The soldiers were overcome with weariness and sleep
after the engagement, and Gifford’s sister so
managed it that her brother got past the sentries and
escaped out of the town. He lay hid for some
days in the ditches and thickets around the town till
he was able to escape to London, and thence to the
shelter of some friends of his at Bedford. Gifford
had studied medicine before he entered the army, and
as soon as he thought it safe he began to practise
his old art in the town of Bedford. Gifford had
been a dissolute man as a soldier, and he became,
if possible, a still more scandalously dissolute man
as a civilian. Gifford’s life in Bedford
was a public disgrace, and his hatred and persecution
of the Puritans in that town made his very name an
infamy and a fear. He reduced himself to beggary
with gambling and drink, but, when near suicide, he
came under the power of the truth, till we see him
clothed with rags and with a great burden on his back,
crying out, ‘What must I do to be saved?’

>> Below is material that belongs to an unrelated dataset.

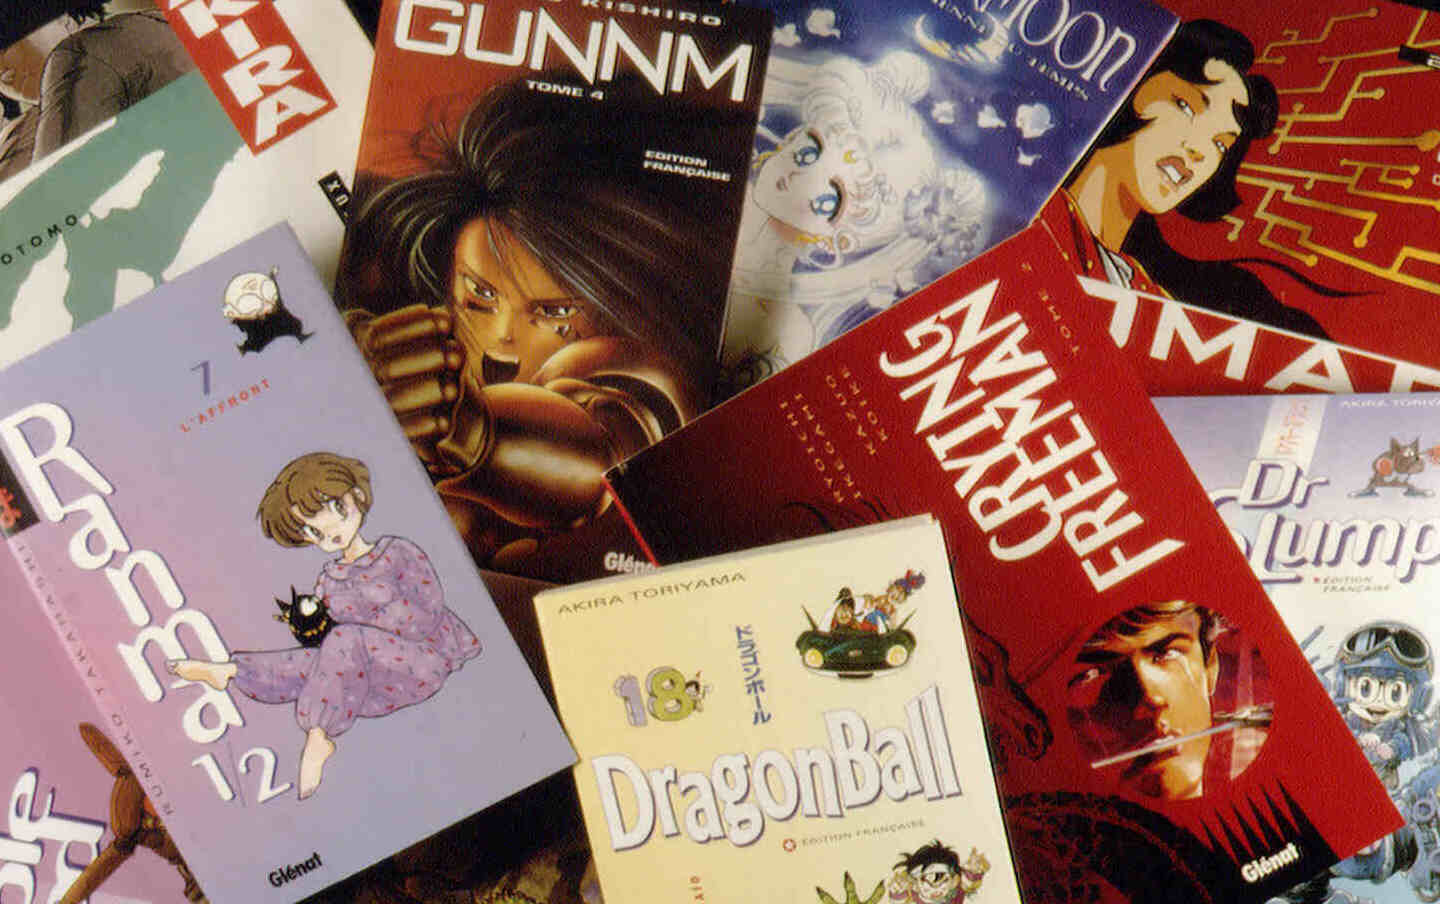 The Manga collection at Editions Glenat

’But at last’—I quote from
the session records of his future church at Bedford—’God
did so plentifully discover to him the forgiveness
of sins for the sake of Christ, that all his life
after he lost not the light of God’s countenance,
no, not for an hour, save only about two days before
he died.’ Gifford’s conversion had
been so conspicuous and notorious that both town and
country soon heard of it: and instead of being
ashamed of it, and seeking to hide it, Gifford at
once, and openly, threw in his lot with the extremest
Puritans in the Puritan town of Bedford. Nor
could Gifford’s talents be hid; till from one
thing to another, we find the former Royalist and
dissolute Cavalier actually the parish minister of
Bedford in Cromwell’s so evangelical but otherwise
so elastic establishment.
At this point we open John Bunyan’s Grace
Abounding to the Chief of Sinners, and we read
this classical passage:—’Upon a day
the good providence of God did cast me to Bedford
to work in my calling: and in one of the streets
of that town I came where there were three or four
poor women sitting at the door in the sun and talking
about the things of God. But I may say I heard,
but I understood not, for they were far above and
out of my reach . . . About this time I began
to break my mind to those poor people in Bedford,
and to tell them of my condition, which, when they
had heard, they told Mr. Gifford of me, who himself
also took occasion to talk with me, and was willing
to be well persuaded of me though I think on too little
grounds. But he invited me to his house, where
I should hear him confer with others about the dealings
of God with their souls, from all which I still received
more conviction, and from that time began to see something
of the vanity and inner wretchedness of my own heart,
for as yet I knew no great matter therein . . .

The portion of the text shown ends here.